2Thick said:
How do they squeeze 2.4 gigs into a laptop?
It is in the Pentium 4 M which means it is designed for the mobile systems - although really it just means laptop - that chip isn't used in any handhelds (yet).
It uses the thin film technology that first started getting used in laptops with the regular Penitum around the late 90's if I recall correctly (97?).
The initial chips have thicker copper connections inside of them because that is while the design hasn't been fully optimized yet. Then, as they have sold those and the fabrication process is proving to work out, they bring down the copper thickness of the connections and the chip is then smaller and therefore runs cooler and therefore runs faster. It uses less materials, so it is cheaper as well for the manufactorer - the cost to make something has little to with selling price in a free market economy - it is instead dictated by what the consumer is willing to pay.

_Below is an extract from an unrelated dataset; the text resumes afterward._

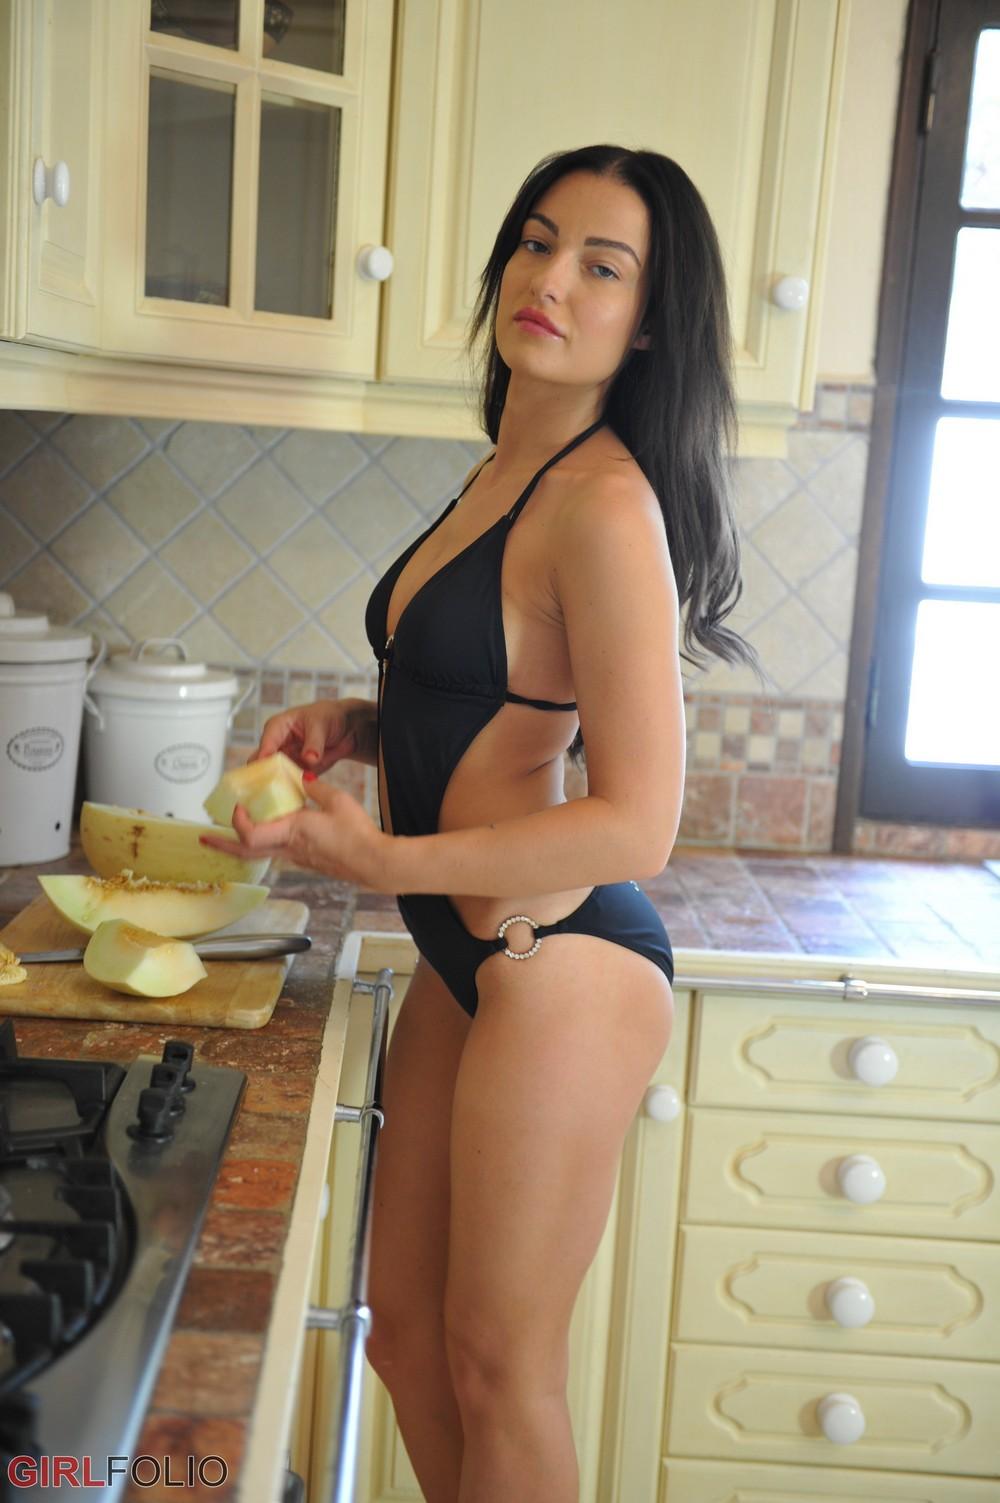 Kayleigh кушает дыню на кухне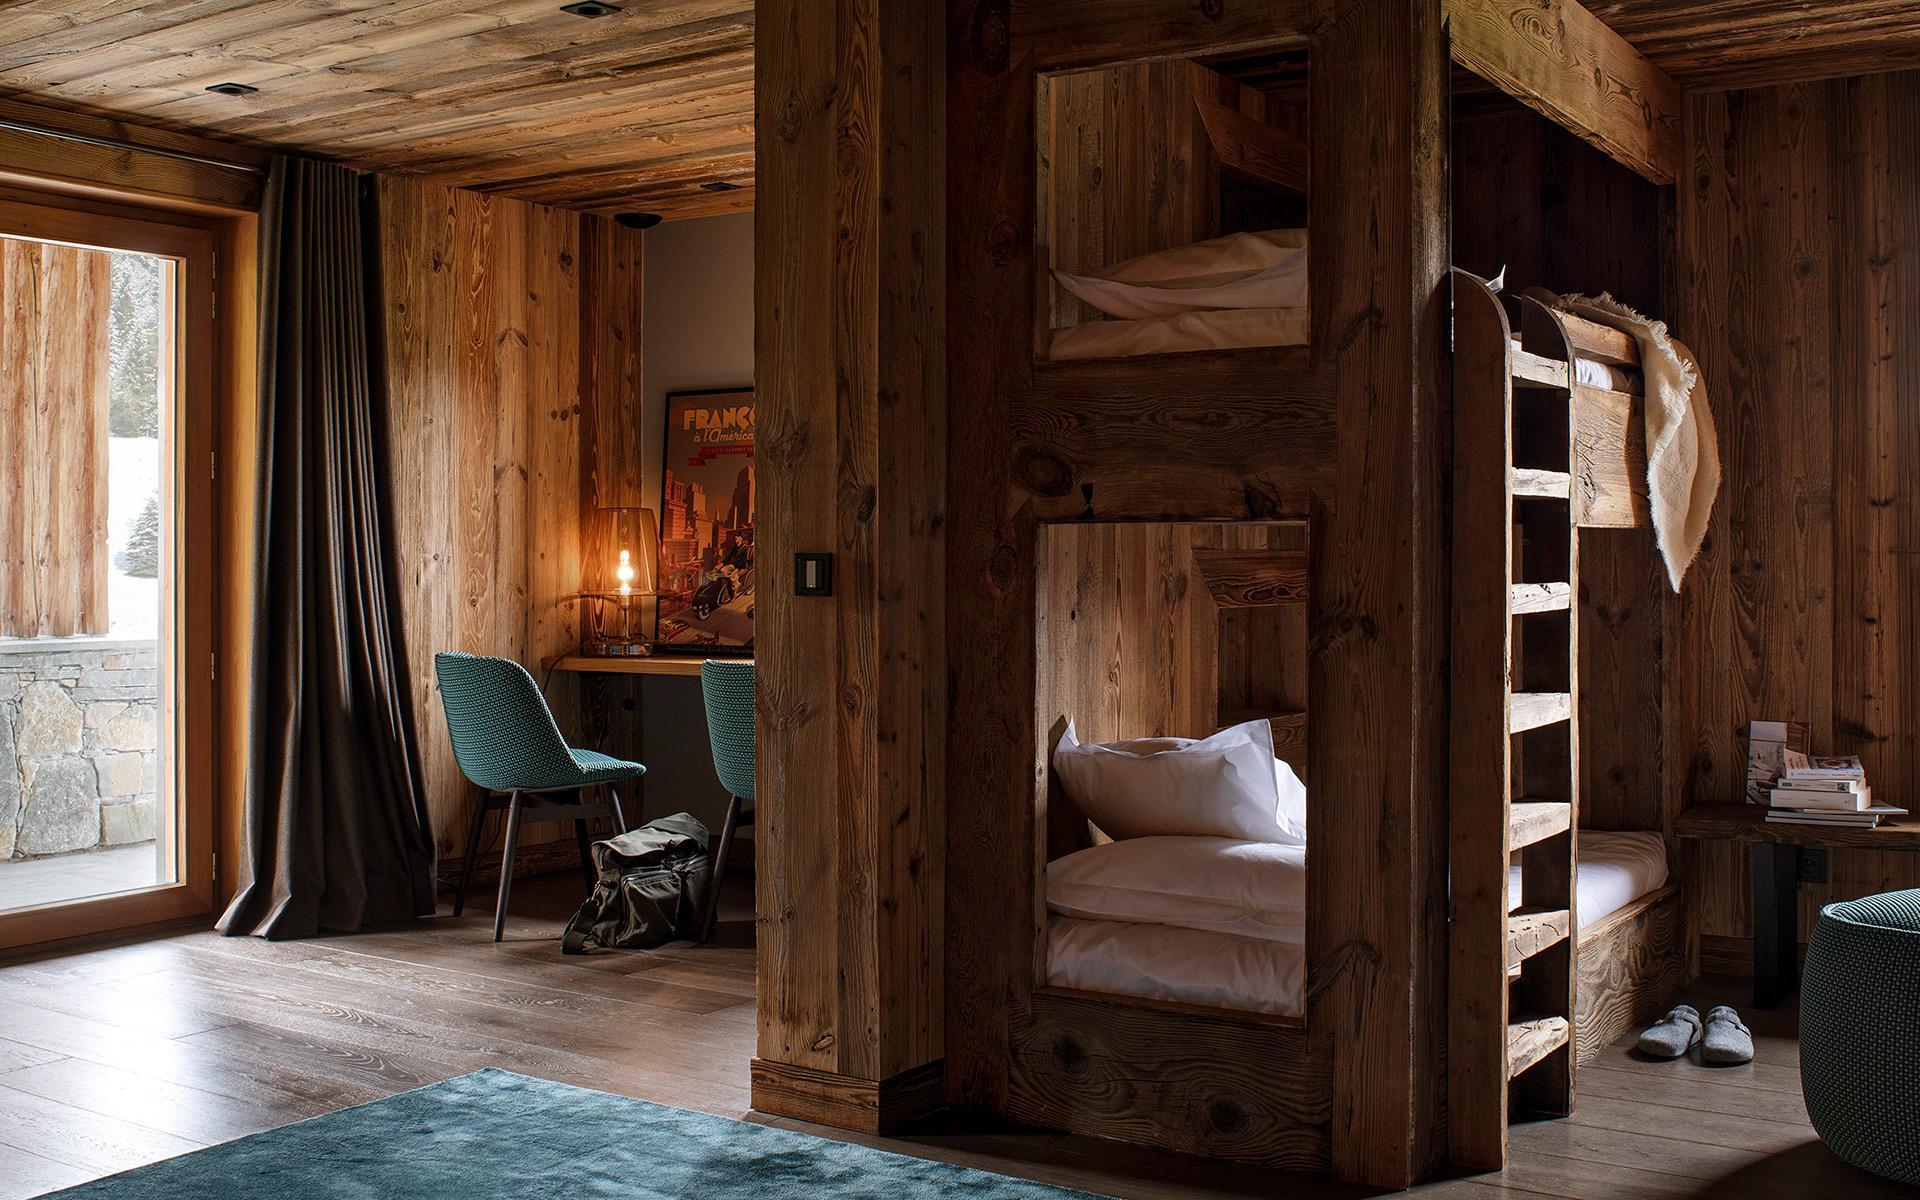 chalet-luxe-lodge-les-murailles-manigold-alpes-incentive-ski-hebergement-seminaires-de-caractere

Intel has frequently been known to see that there is more deman for a lower-end processor, but it is currently making more high end processors - they will simply rebrand the high end processors to make up the demand for the lessor ones and then ship them out.
Also, all processors that they make of a certain type (P4 M for instance) are pretty much the same die. But if they don't meet the fastest/highest heat standards and have slight errors in them, as long as they still work at lower speeds and meet the requirements there, then they are branded as a lower speed one.
The thin film M chips look a lot like film out of a camera, but with lots of little lines on them. They give off much less heat, weigh much less, and are paper thing so they don't take up much space. They also use less power - and that combined with the power adjustments that it does when it sees that it is on a battery connection - they are great for laptops.
They are usually slightly slower in processor speed since that will allow them to run cooler, but they make up for that slower clock speed by having more L2 cache - which means that they in the end are as fast or faster than desktop systems with high clock speeds but less Lvel 2 cache (where it temporarily stores data that it is bouncing back and forth between RAM).
The P4 M doesn't have hyperthreading though.
If you guys want good deals on brand name laptops, you can get them refurbished at
www.Ubid.com and get great deals (it is an auction setup - they are all essentially brand new systems because the company has fixed whatever was wrong with them).
Or if you want to get a cheap laptop that isn't brand name - got to
www.powernotebooks.com - they are a distributor of Sager - a Chinese company that makes nearly all of the laptops out there. Brand name companies just approach them and have it branded with their name on it.
HP/Compaq, Toshiba, Sony, Alienware, etc - they all just go through Sager. Apple used to, but doesn't anymore - and not every laptop that a company will offer will be from them.
The stuff is decent quality and very cheap in price.